Aktuelles

Artikel von Annegret Nicolai & Roman Lenz zum Download:

Weinbergschneckenzucht auf der Schwäbischen Alb – ein Beitrag zur Regionalentwicklung

29. Oktober 2006, Archepassagier Albschnecke beim Salone del Gusto in Turin.

Am 29.10. fand ein Geschmackserlebnis mit dem Archepassagier Albschnecke beim Salone del Gusto in Turin statt. 65 Teilnehmer testeten neben der Albschnecke – mariniert auf einem Salatblatt – auch Schnecken aus italienischer Produktion. Einer der offiziellen Gastkritiker sprach von einer „besonders gelungenen Enthüllung, was im Schwäbischen in dieser Richtung gemacht wird“! Begleitet von Weinen des Winzers Dolde und Holzofenbrot aus Grabenstetten (Ochsen-Beck) sowie eines Brots der Handwerksbäckerei Mack war es eine sehr gelungene Verkostung! Die IG Albschneck war mit 5 Personen vertreten, und leistete tolle Arbeit! Eines der Vergleichsgerichte, eine Schneckensuppe mit der Schneckenart Cornu aspersum aus dem Piemont, wurde vom Moderator folgendermaßen kommentiert: „Diese Suppe besticht durch ihre Einfachheit…“ Einer der Gastkritiker hatte sie (folglich) gar nicht aufgegessen…

22. Oktober 2006, Archemesse in Beuren.

Albschneck war hier mit einer Schneckensuppe vertreten. Es kamen ca. 1500 Besucher! Hier ein paar Impressionen.

12. Oktober 2006, es fand wieder ein Treffen der IG Albschneck statt.

Die diesjährige Ernte der Deckelschnecken steht an, und die Aussichten sind eher verhalten. Durch den krankheitsbedingten Ausfall eines Schneckengärtners, Verzögerungen bei der Genehmigung eines Schneckengartens sowie zurückhaltende Abgaben ausgewachsener Tiere – um die Nachzucht in 2006 nicht zu gefährden – bleibt die Ernte wie schon 2005 wohl hinter den Erwartungen bzw.
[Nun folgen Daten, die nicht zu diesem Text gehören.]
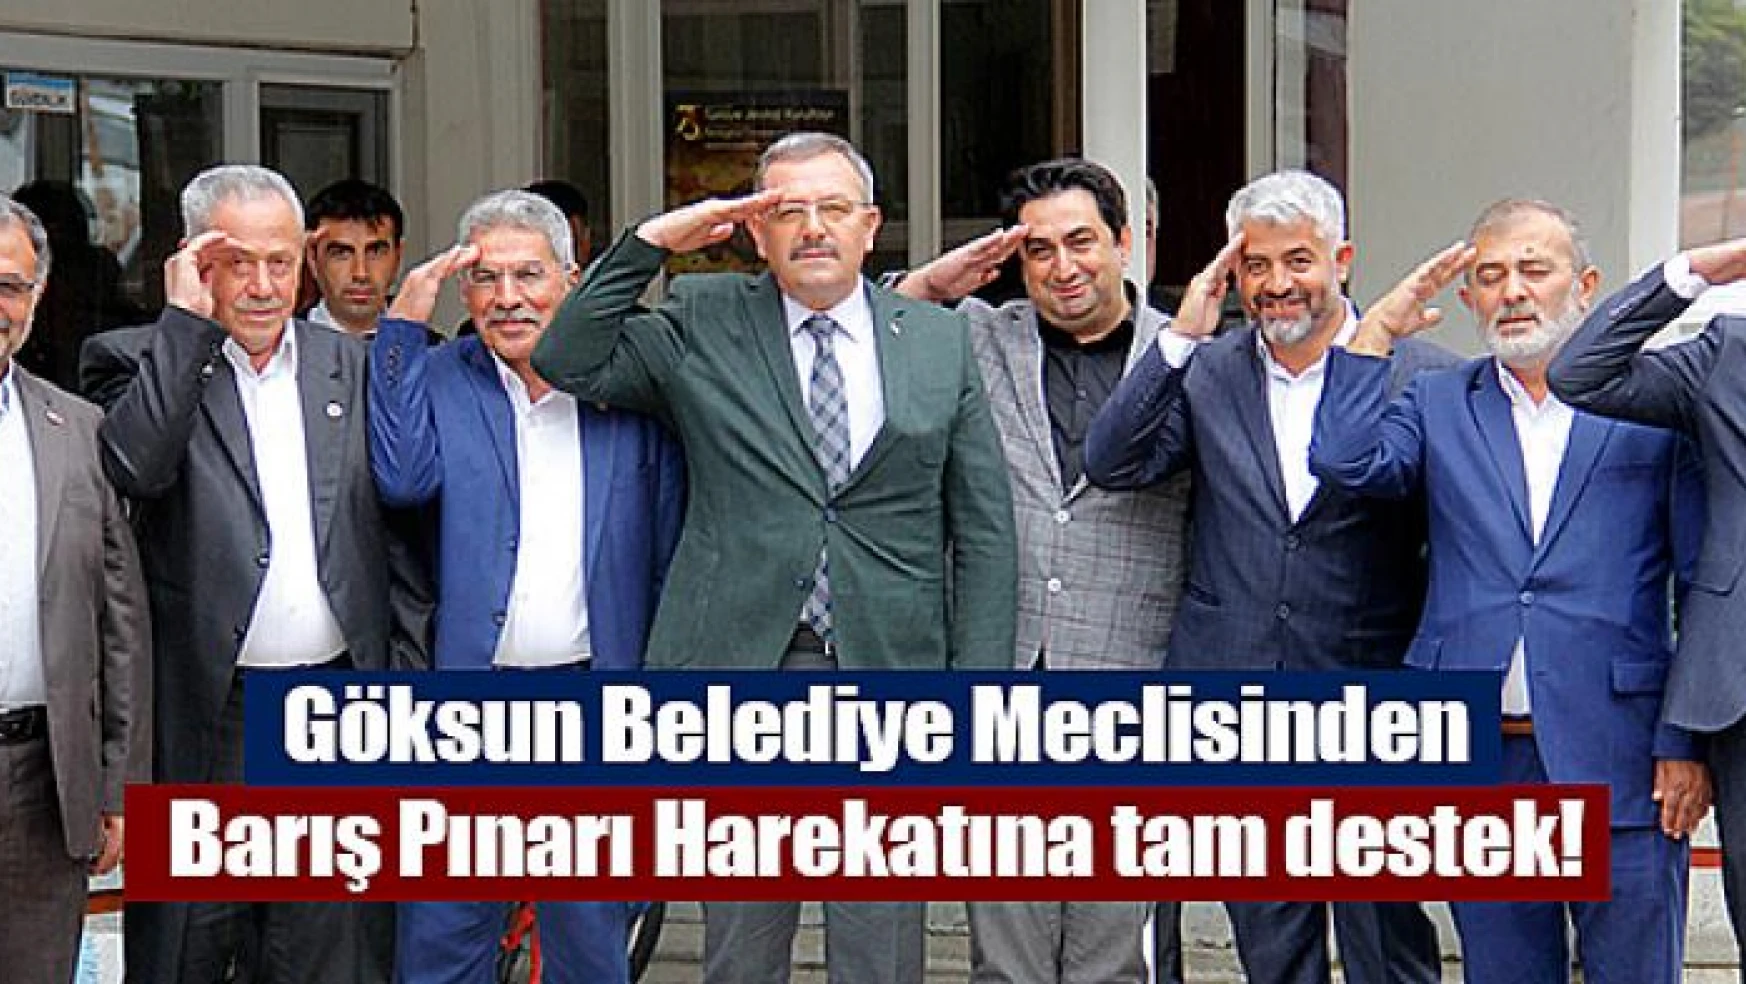 Göksun Belediye Meclisinden Barış Pınarı Harekatına tam destek!

Absatzmöglichkeiten zurück. Erst wenn die erste Nachzucht Erntereife erlangt – in ca. 2 Jahren – kann sich das ändern. So lange wird wohl nur überwiegend die lokale Gastronomie versorgt werden können.

Und: Die neuen Albschneck-Albshirts sind da! Wir werden sie demnächst an die Besteller verteilen! Wir finden, www.albshirt.de hat einen tollen Job gemacht!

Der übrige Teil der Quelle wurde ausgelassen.